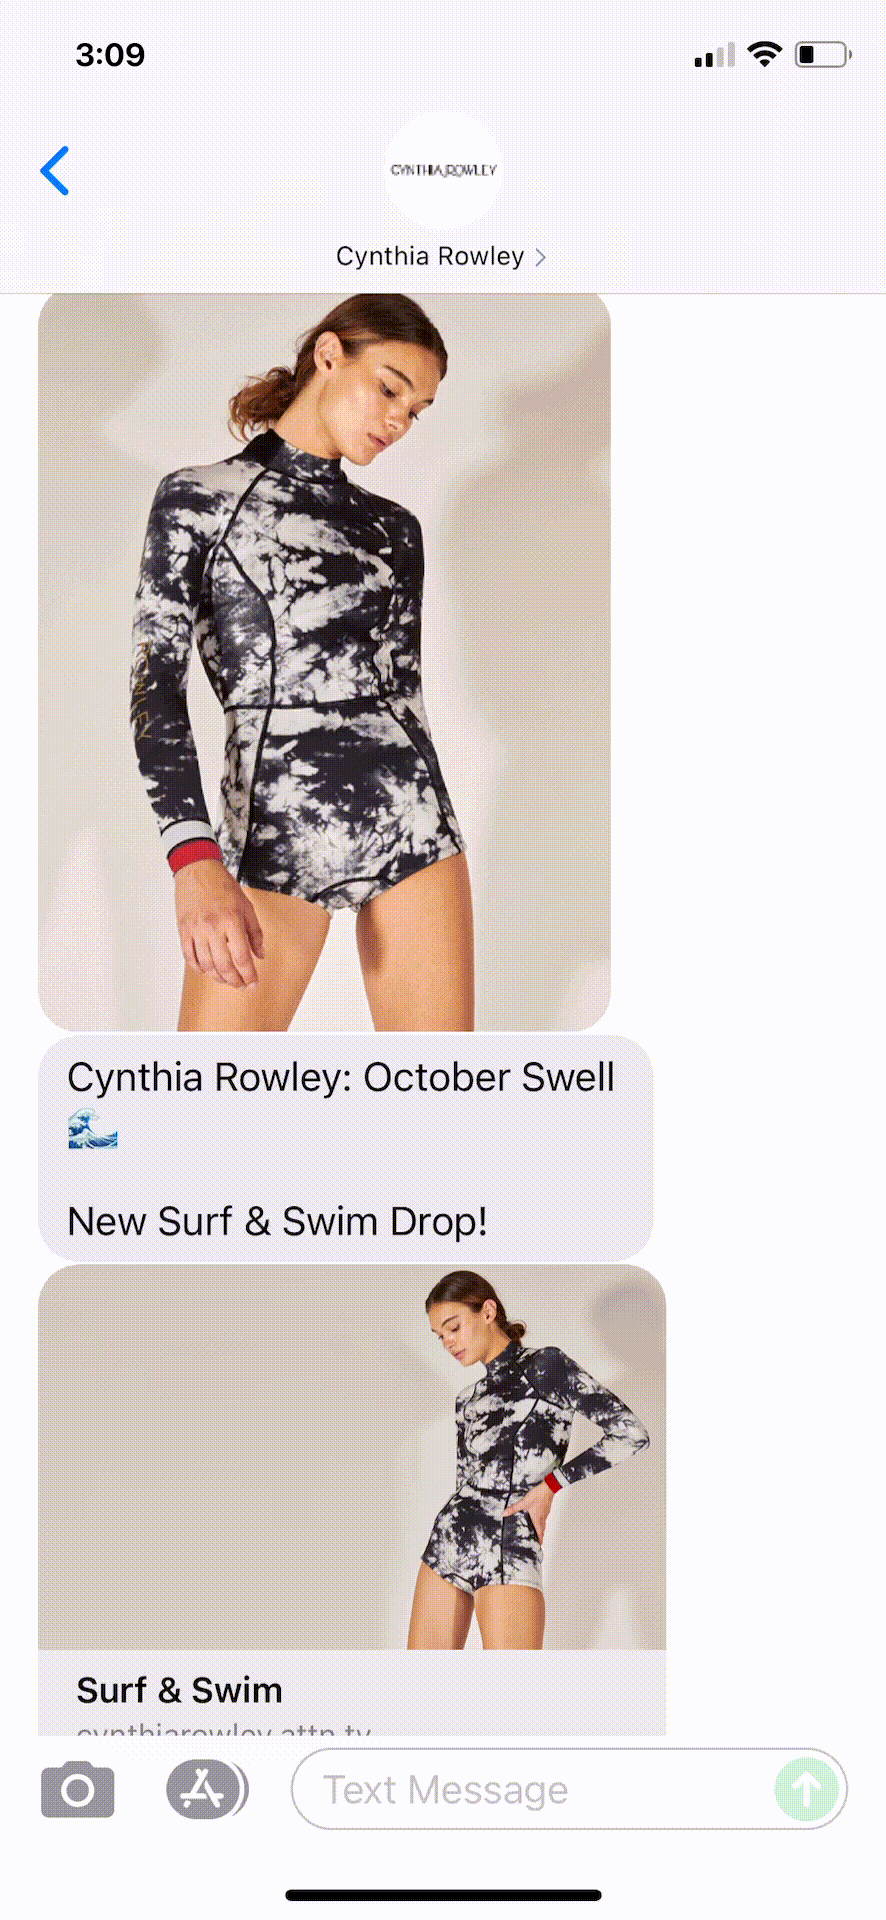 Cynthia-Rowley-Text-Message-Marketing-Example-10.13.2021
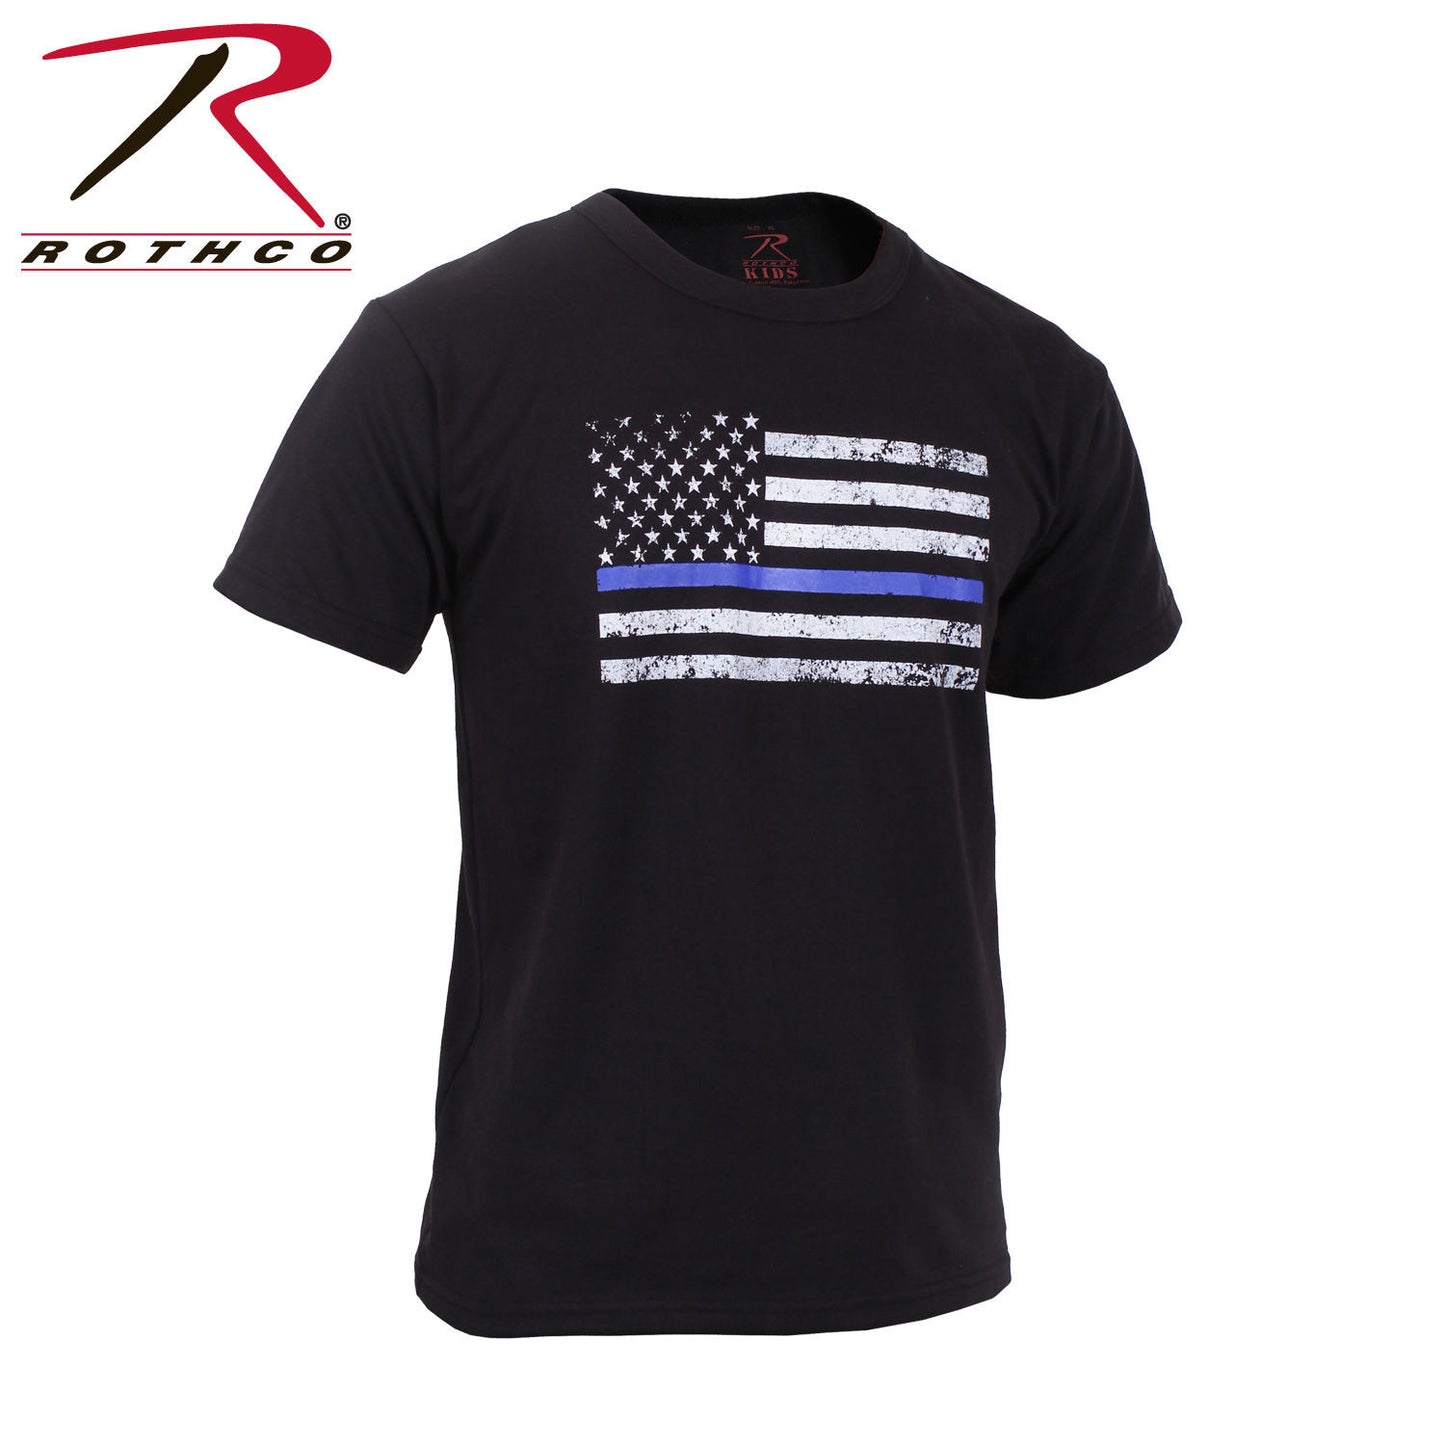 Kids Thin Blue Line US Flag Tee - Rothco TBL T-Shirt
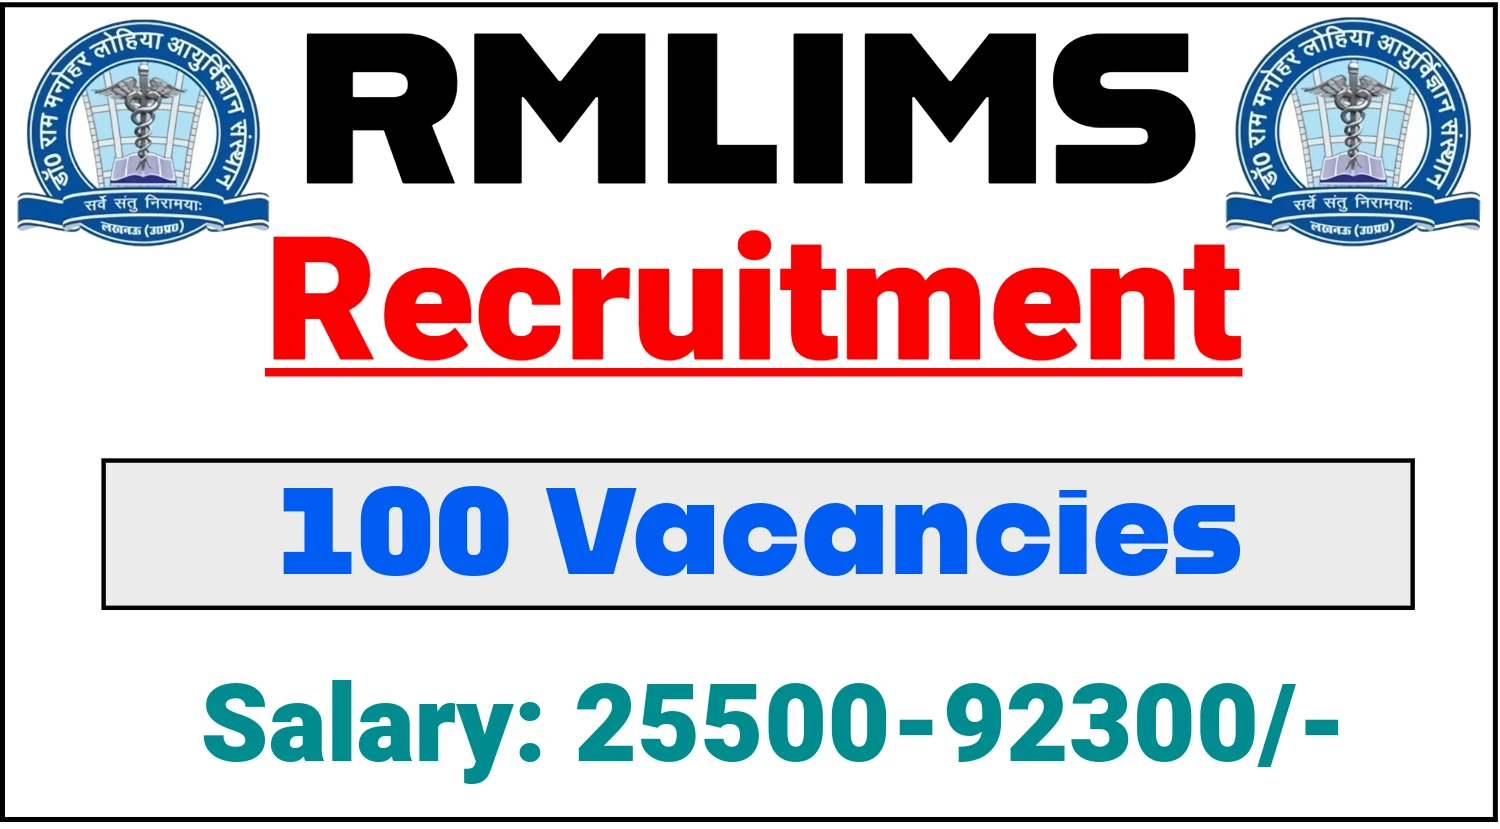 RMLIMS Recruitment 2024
====
• **EXERCISE**: What is needed is a verbatim copy of the lines running from the one with "Kids Thin Blue" through the last line of the listing above, excluding any pictures.

• **TASK RESPONSE**:
 Kids Thin Blue Line US Flag Tee - Rothco TBL T-Shirt
 RMLIMS Recruitment 2024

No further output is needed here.